Is the main character your alter-ego? 

 

No, not at all, and I think my life is far less interesting. When I was a student in the 90s and I felt the necessity to be as true as possible to the people I knew and the history as I know it. 

There we so many people I worked with, who kept losing their lives to AIDS and I missed having them, having their reassurance when I became a writer and published my first book. So essentially the film is about their spirit, which I feel so present even today. It’s a conversation that I never managed to have in real life. 

 

The mise-en-scene is amazing. There is one scene that stayed for me, the one with both characters in the bathtub. How did you manage to create this chemistry and atmosphere? 

 

It’s all thanks to the characters. I thought it would be so difficult to shoot and that I’d have to use many different cuts of the scene for the final edit. Of course it’s uncomfortable for them to be naked in a cold bathtub with ten people around them. They have a long dialogue and this scene has a theatrical element, hence I really wanted it to be a single shot, in real time. I wanted the emotion and the anxiety to sparkle through happiness and laughter. 

 

How do you approach sex scenes? 

 

I’ve noticed before actors who hold their breath waiting for the second scene to be over, only because the directors are imposing it on them.
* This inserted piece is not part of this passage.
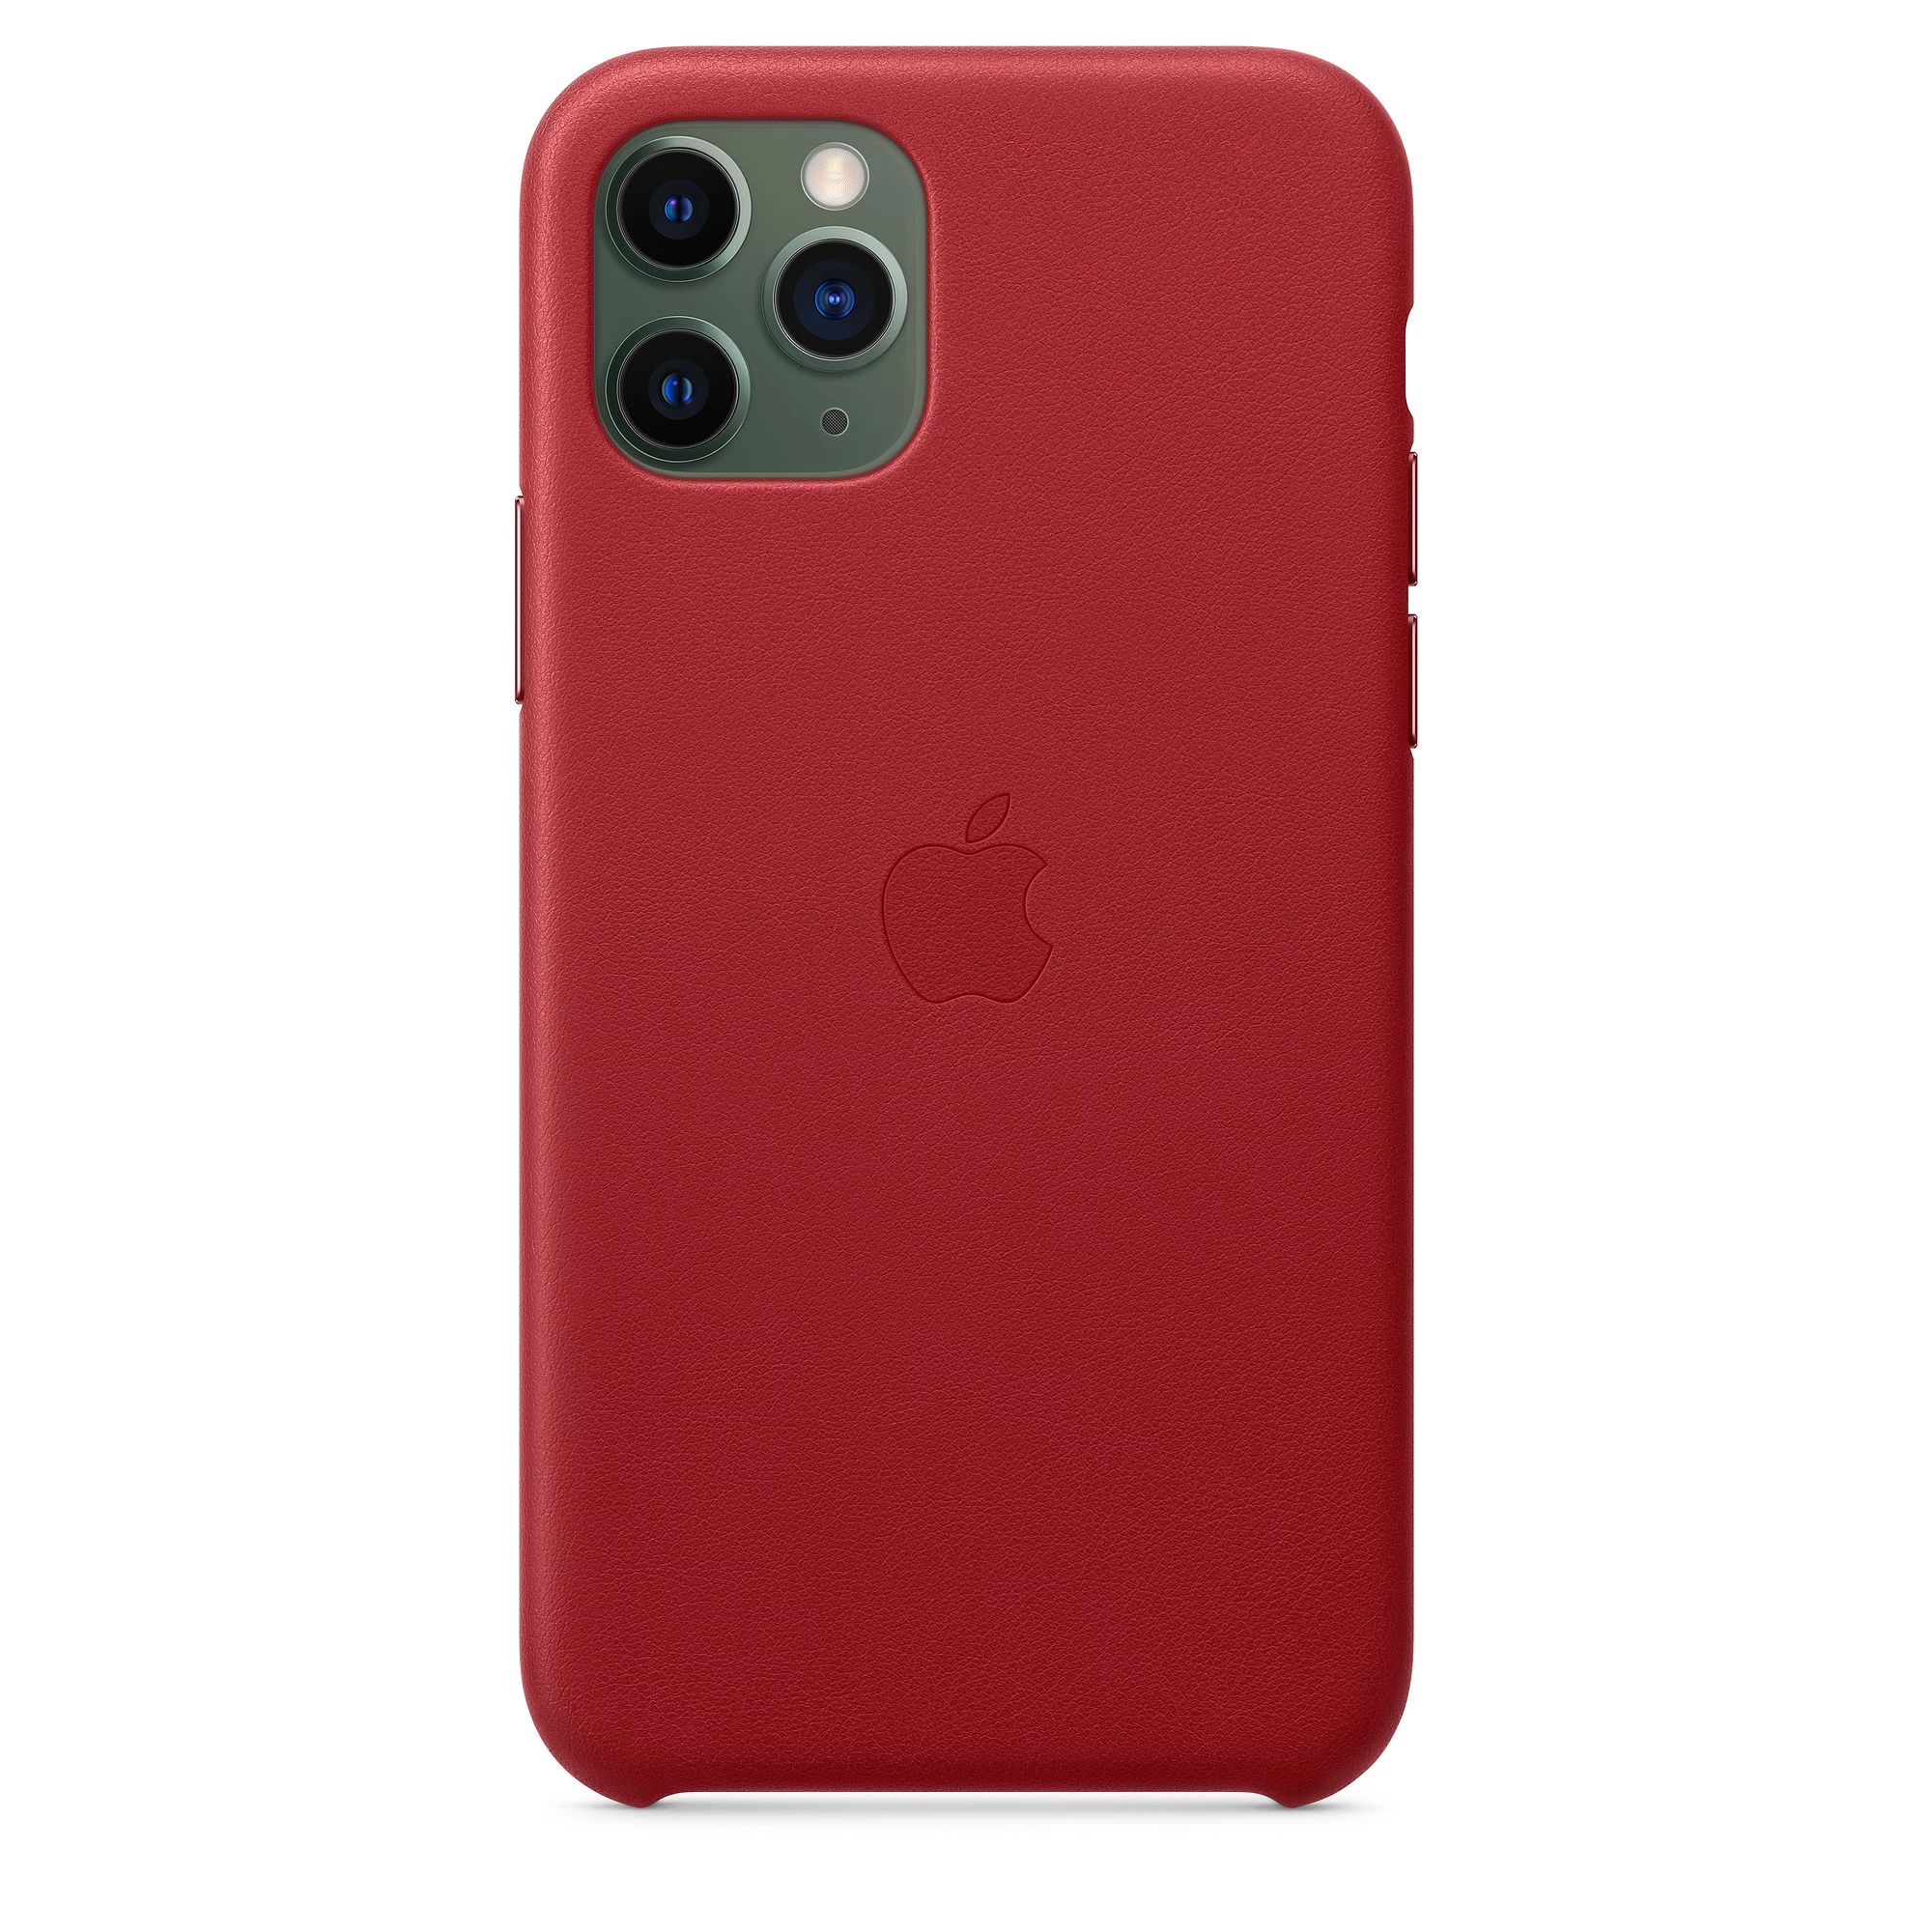 Apple iPhone 11 Pro Max Leather Case - PRODUCT RED (MX0F2)
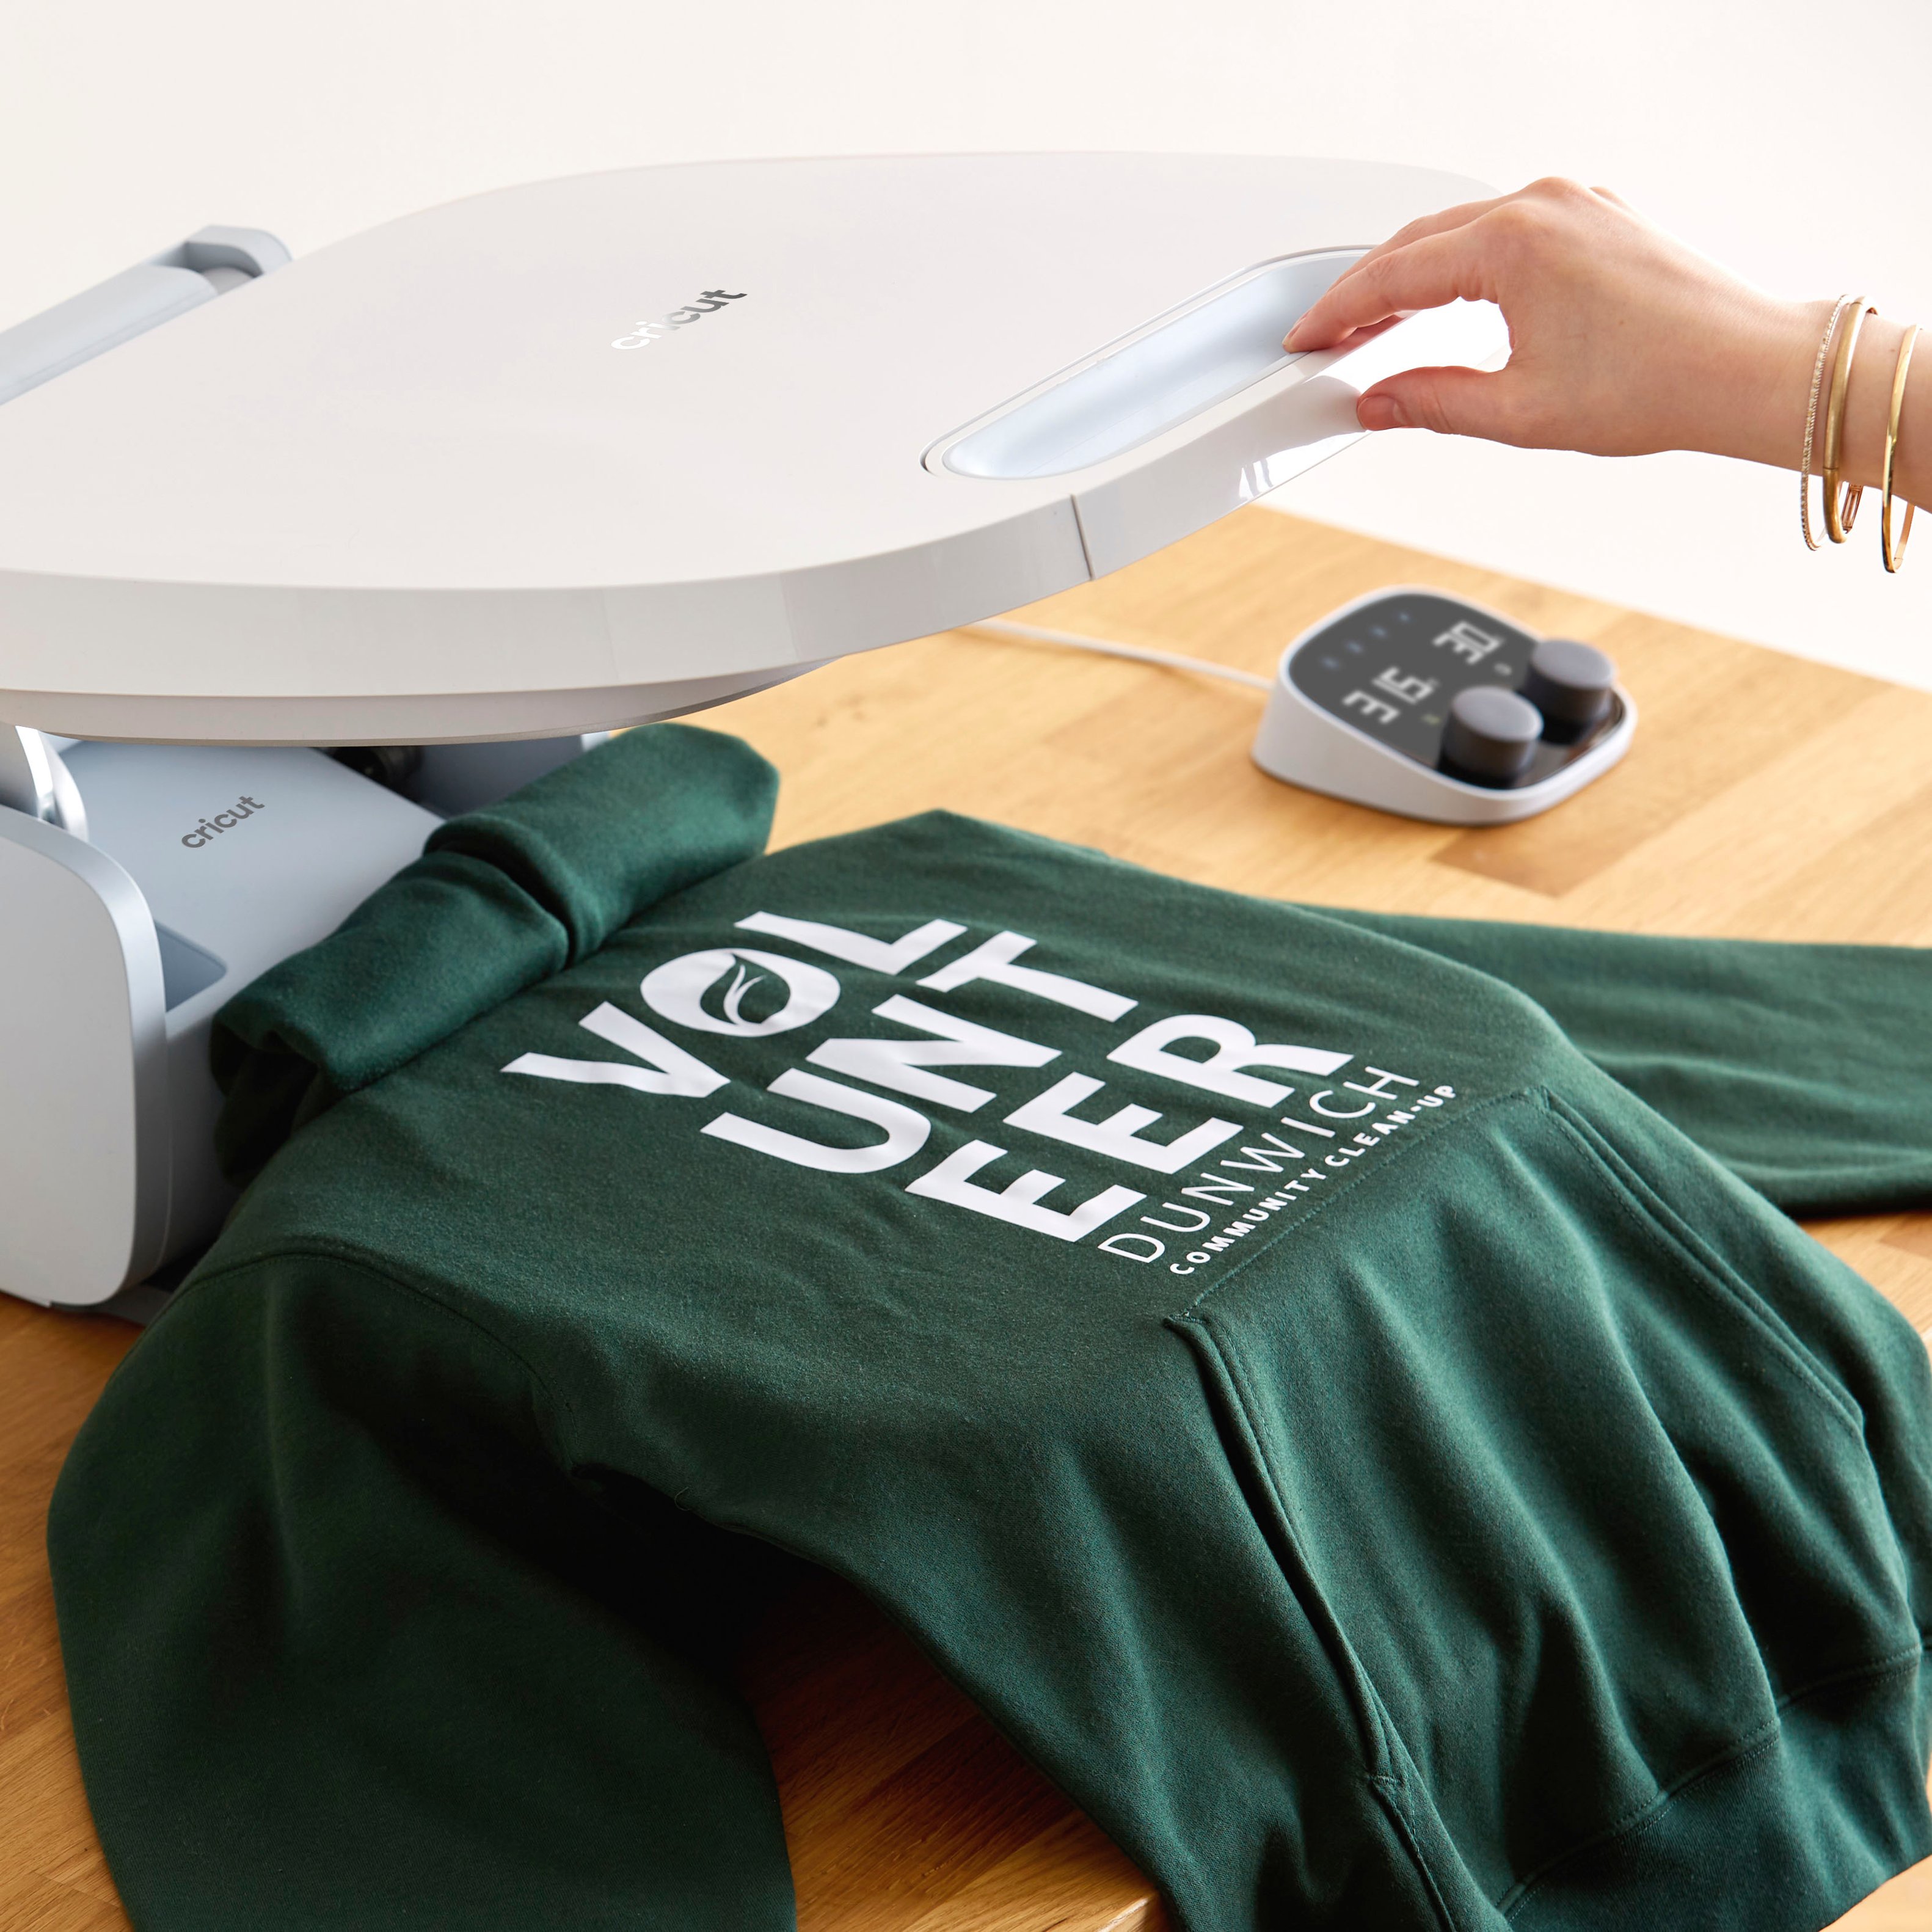 Cricut Autopress Review: A Clever Heat Press in an Expensive Box

For me it’s a contract, you have to ask your actors and get their permission to expose their bodies, their nudity. I also don’t like the moral hypocrisy of some directors who take their shot away from the characters and show the window or the wall instead. In La Vie D’Adele, I love the film buy I was terrified by the sex scene. I think Mr. Kechiche is abusing his power as male director over two young actresses. 

 

If we had to interpret the characters relationship via today’s standards for dating and being with someone, would you find meeting points? 

 

There are different trends and representations today. The film is a portrait of love and relationships in the 90s. It’s not only about dating, but also erotically, we behave very differently toward each today than back then. People are so much influenced by pornography today so it changed their fashion and mannerism, their approach toward sex and love. I want to hopefully be able to make a film about my experience today as a fourty-year-old gay man when I get to sixty in 2030.